— Вот закончится вайна, увэзу тэбя в горы, на Кавказ… Станэшь настаящэй царицэй. Всё к тваим ногам брошу: и звезды, и луну, и рэки, и азера! Станэшь ест сладкий виноград, пить тэрпкое вино, дышать горным воздухом. А подрастешь, жэнюсь на тэбэ. Всю жызн на руках насить стану. И родишь ты мне дочку. Назавем ее Сакварела, что значит любимая, чтобы всэгда наша дочь знала, как силно мы ее любим…

— Арсен, а горы… Они какие? Там же камень только… Они высокие-высокие… Как же там люди живут, в камнях? — раздался нежный голосок Тамары.

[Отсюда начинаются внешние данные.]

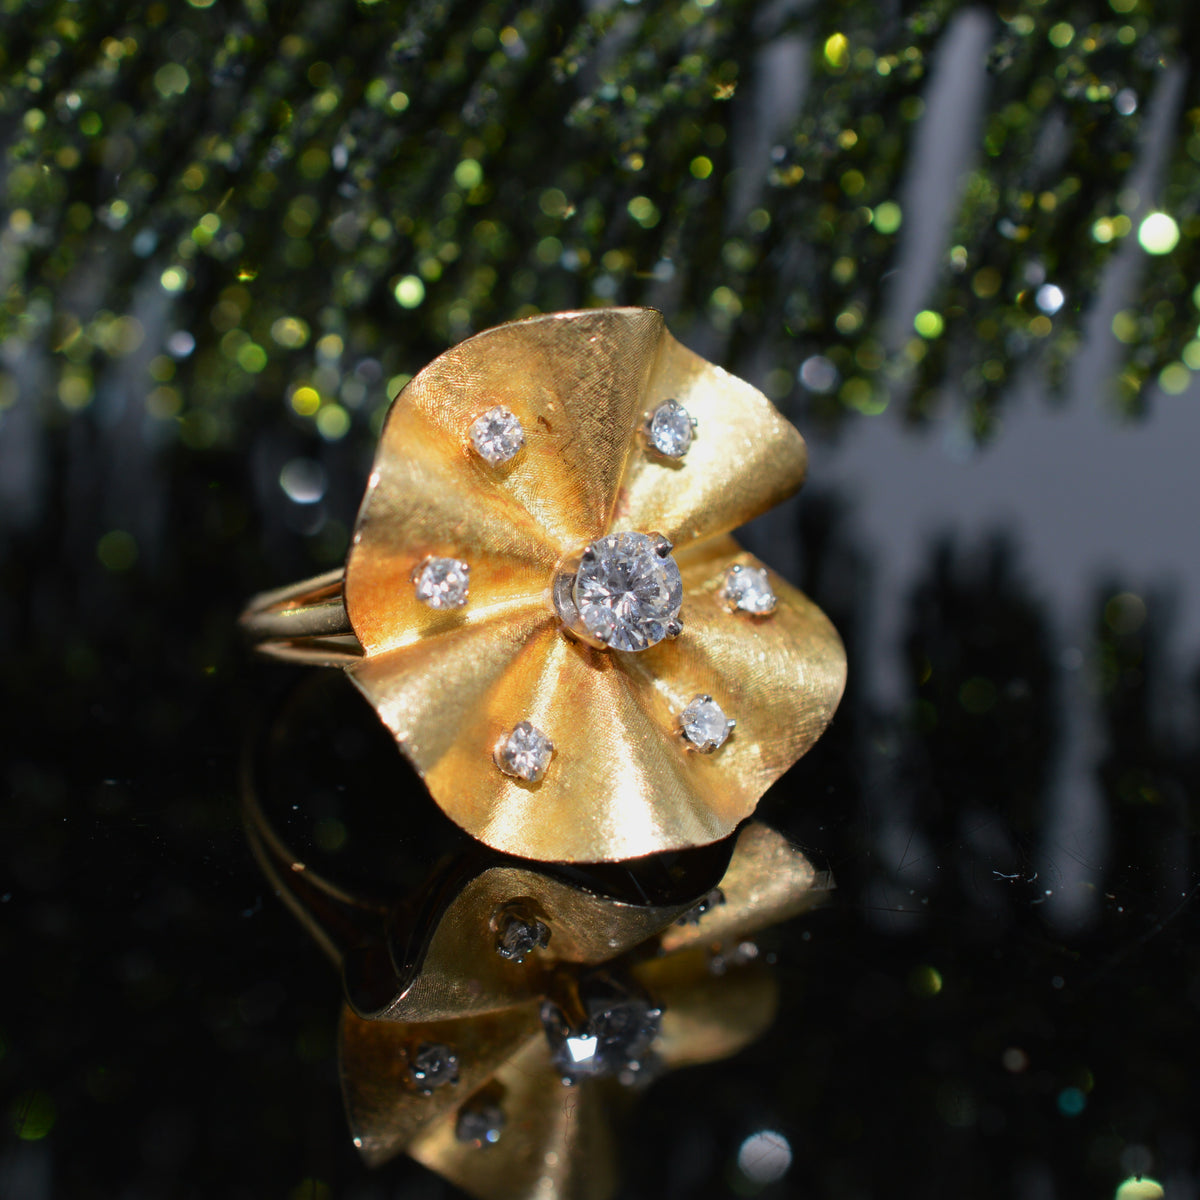 18K Yellow Gold Diamond Fashion Ring

— Эээ… Зачэм так гаваришь? Горы… ани прэкрасны! Облака, плывущие па нэбу, нэ могут пройти мимо, и изо всэх сил цэпляются за их вэршины, чтобы побыть там еще нэмного. А ты видэла горные рэки? Они звэнят, они пают, неся с гор чистэйшую, хрусталную воду. А озера? Они, словно пиалы, хранят в сэбэ хрусталную воду, что принэсла им рэка. Они глубокие-глубокие, но чистые настолко, что ты увидишь каждый камэшэк на днэ, и захочэш взят его сэбэ на памят, а нэ сможэш — он толко кажэтся близким, а на самом дэлэ он глубоко-глубоко… А водопады? Видала ты водопады? Эээ, дэвочка… Ты ничего нэ видала. Но я покажу тэбэ. Есть в горах и лэса, и луга, и сады. А какой виноград растет у нас!..

Егоров, постояв немного и глядя на ребят, уютно устроившихся возле костра, тихонько, чтобы не спугнуть их и не нарушить такие редкие, и оттого ставшие драгоценными минуты мира и покоя, отошел от костра и направился к Черных. Им еще предстояло обсудить много вопросов.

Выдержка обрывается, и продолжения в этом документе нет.